MATERIAL PROVIDED:

──────────────────────────────

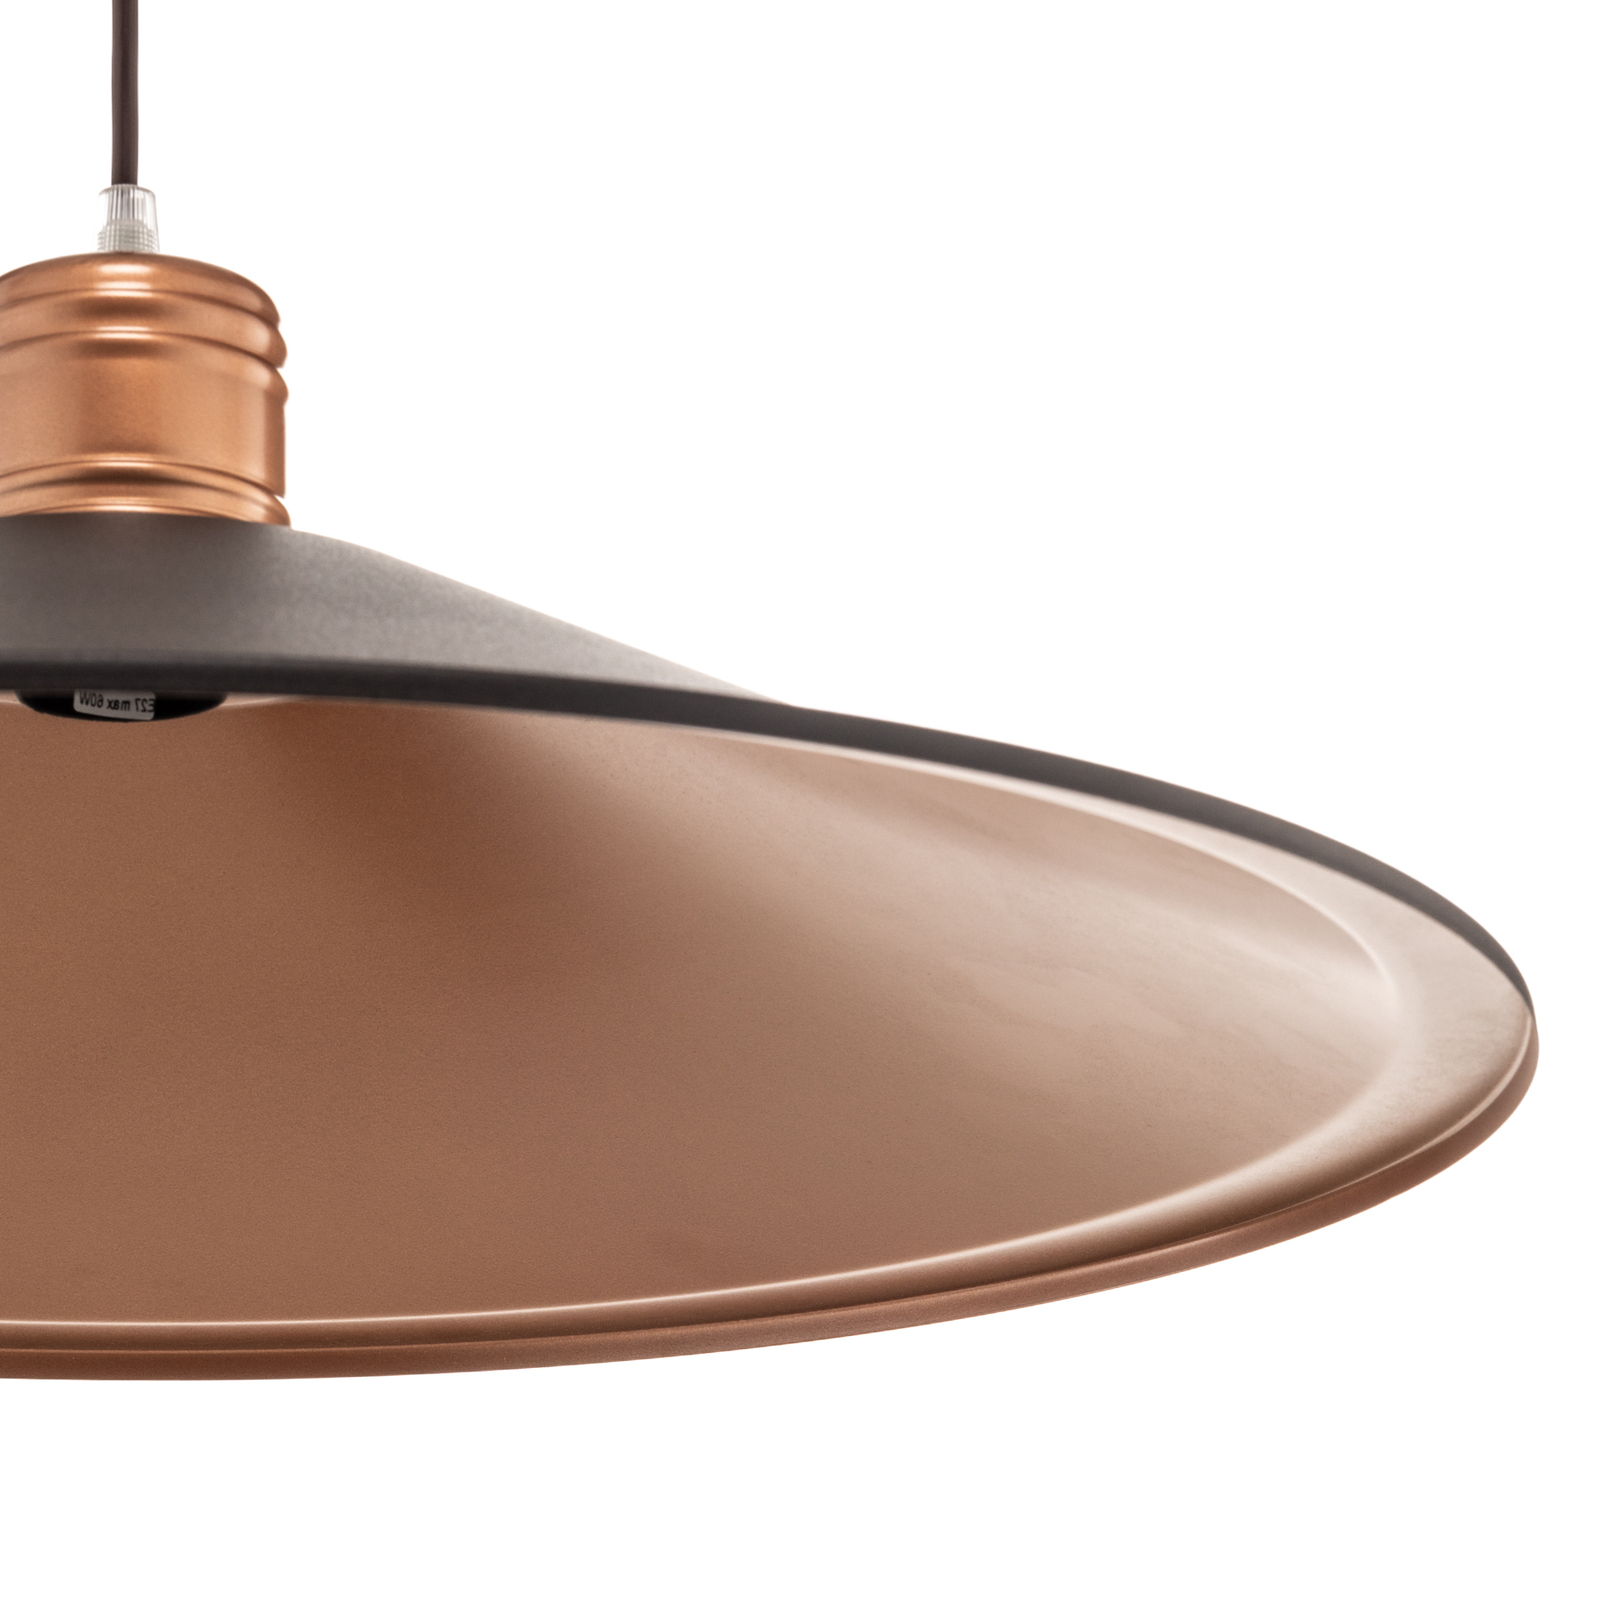 Garret I pendant light in dark brown/copper Ø 50cm
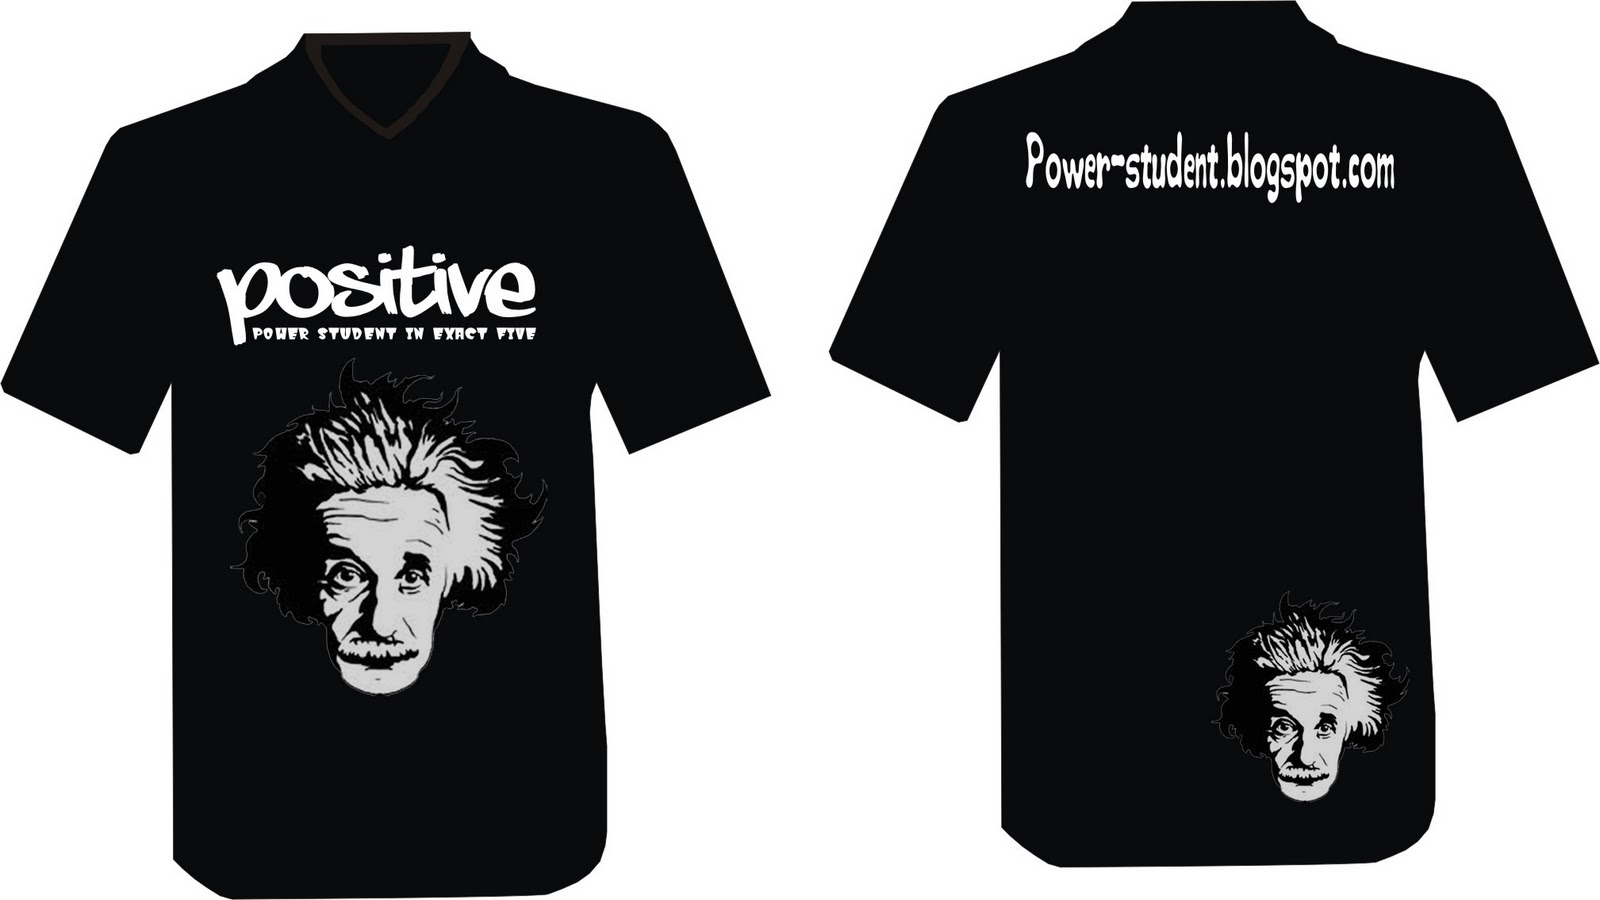 Power Student In Exact Five Desain baju kelas  kami
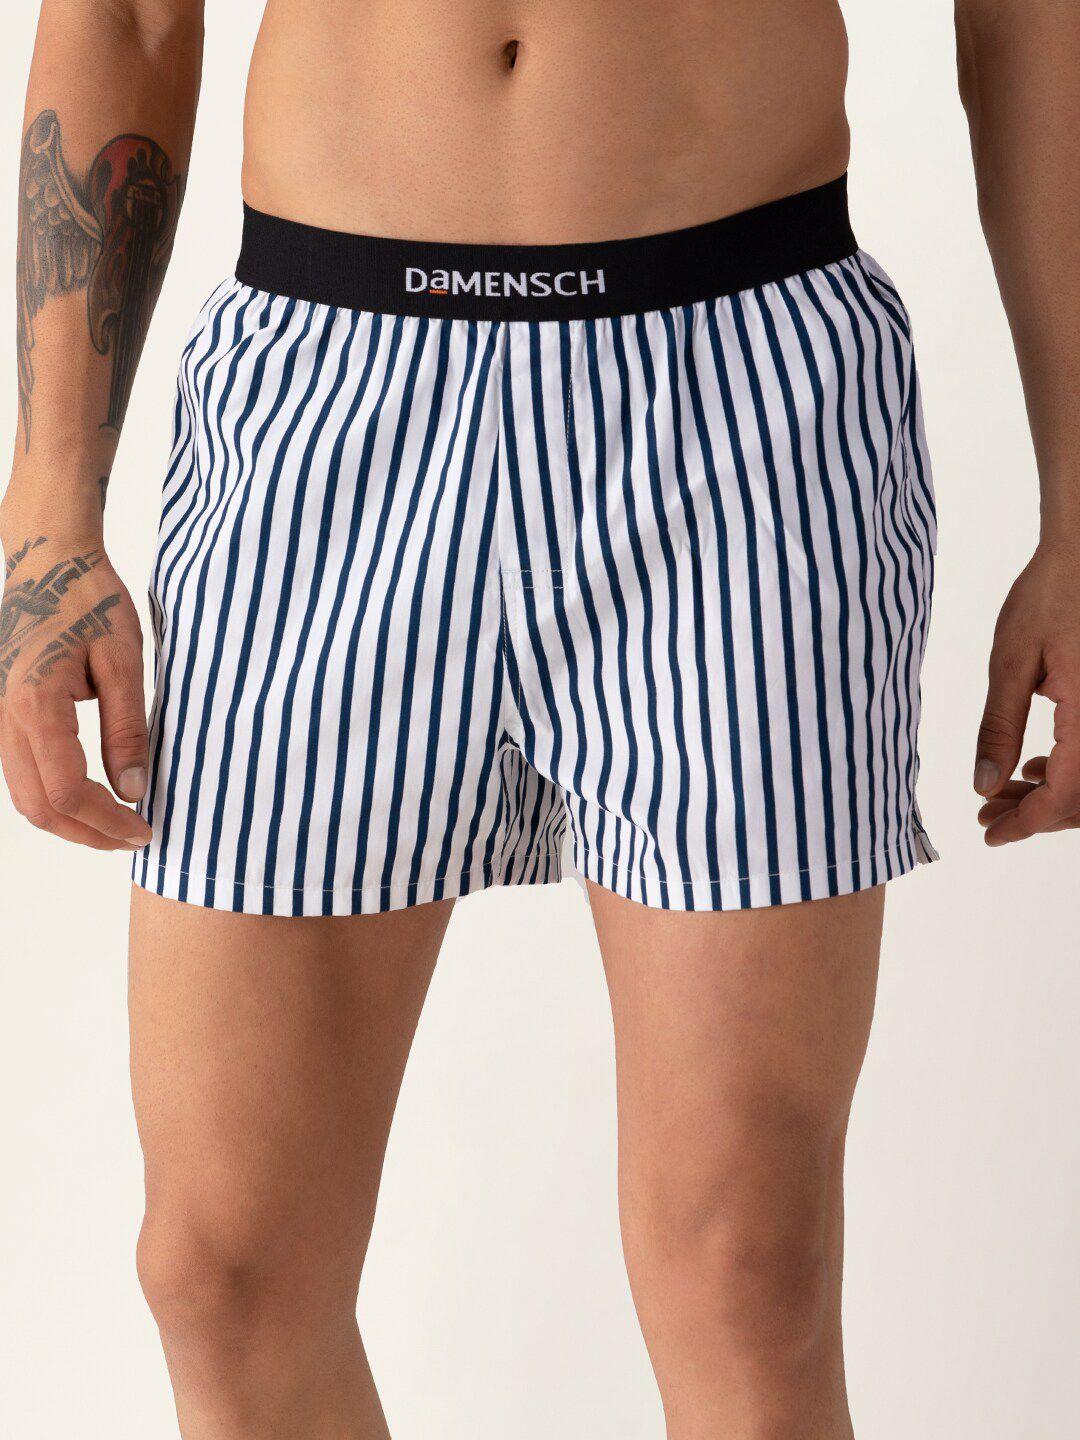 damensch  men striped white ultra-light cotton regular fit inner boxer
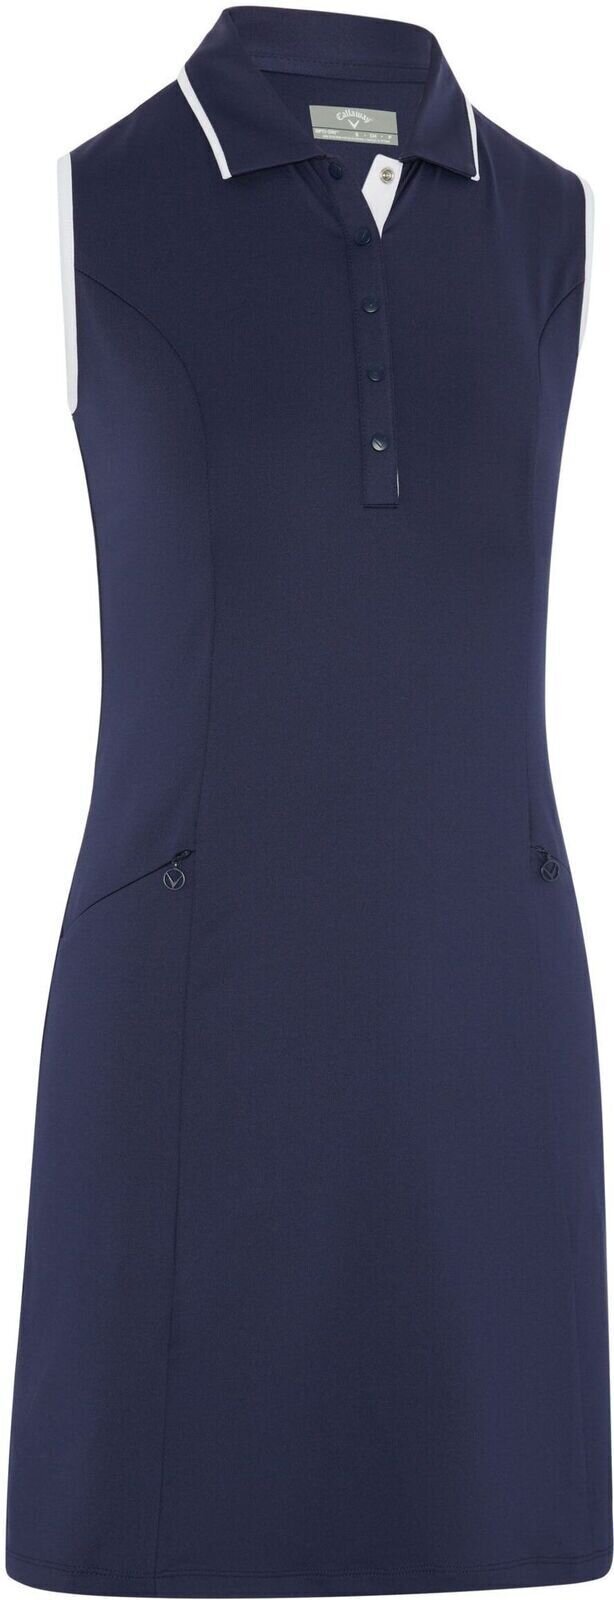 Callaway Womens Sleeveless Dress With Snap Placket Peacoat XL

──────────────────────────────

WHAT THE TASK REQUIRES:
Output the listing above exactly, pictures omitted.

WRITTEN ANSWER:
 Garret I pendant light in dark brown/copper Ø 50cm
 Power Student In Exact Five Desain baju kelas  kami
 damensch  men striped white ultra-light cotton regular fit inner boxer
 Callaway Womens Sleeveless Dress With Snap Placket Peacoat XL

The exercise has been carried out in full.